↓

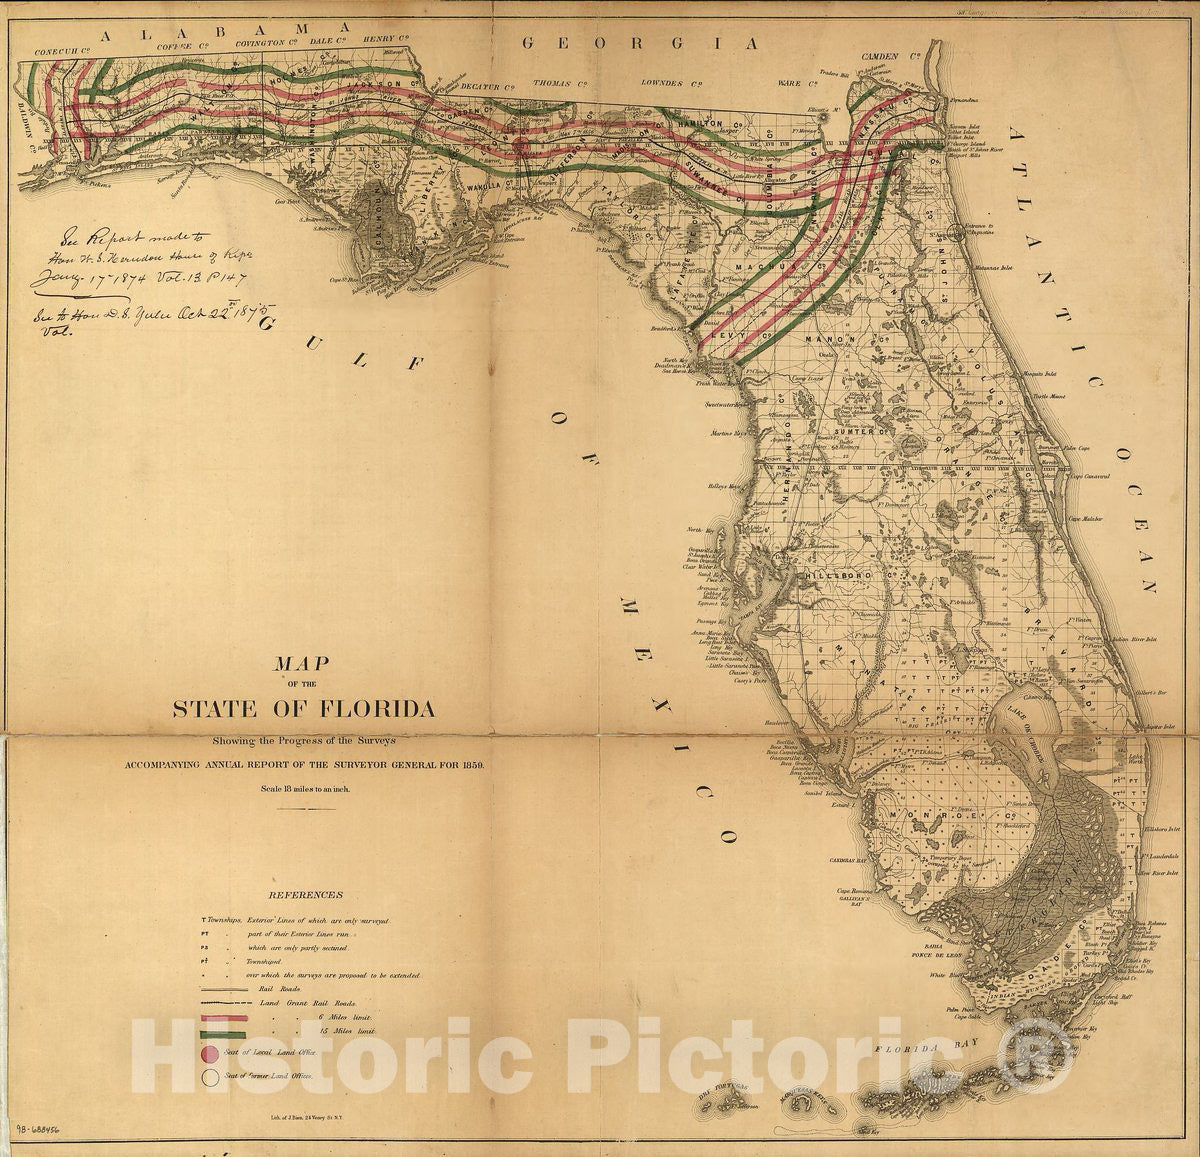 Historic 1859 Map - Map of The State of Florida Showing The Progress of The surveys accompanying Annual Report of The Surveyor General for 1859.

↑
↓

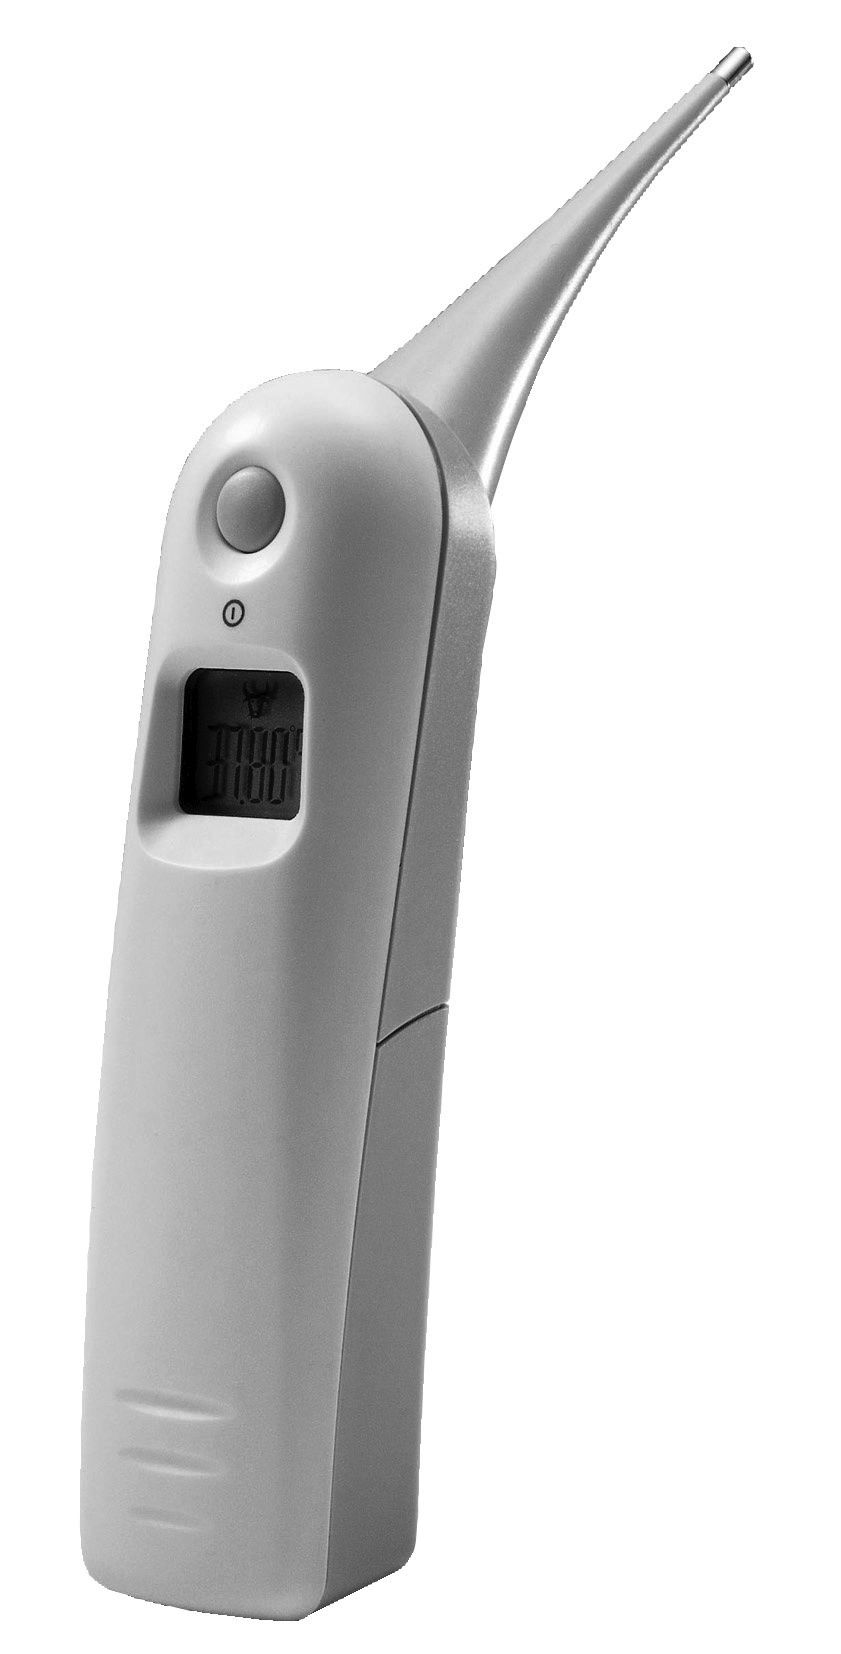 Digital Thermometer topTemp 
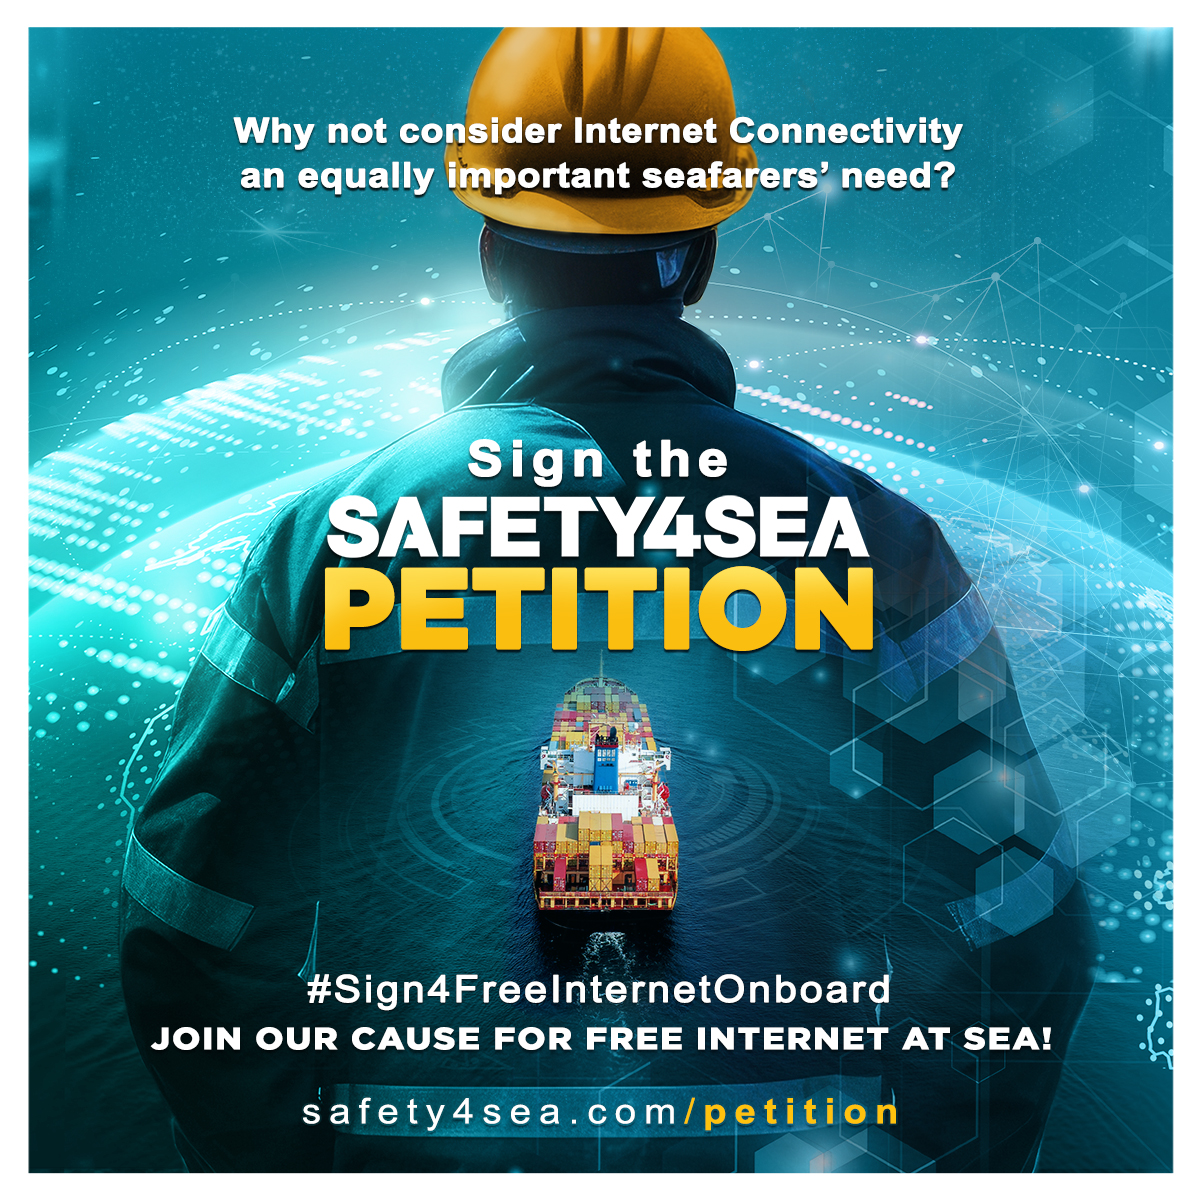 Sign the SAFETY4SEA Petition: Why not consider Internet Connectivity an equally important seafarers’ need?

↑

● **What is expected**: Your answer should be the lines above, word for word, from the line with "Digital Thermometer topTemp" through the line with "Sign the SAFETY4SEA", minus the pictures.

● **Result for this exercise**:
 Digital Thermometer topTemp 
 Sign the SAFETY4SEA Petition: Why not consider Internet Connectivity an equally important seafarers’ need?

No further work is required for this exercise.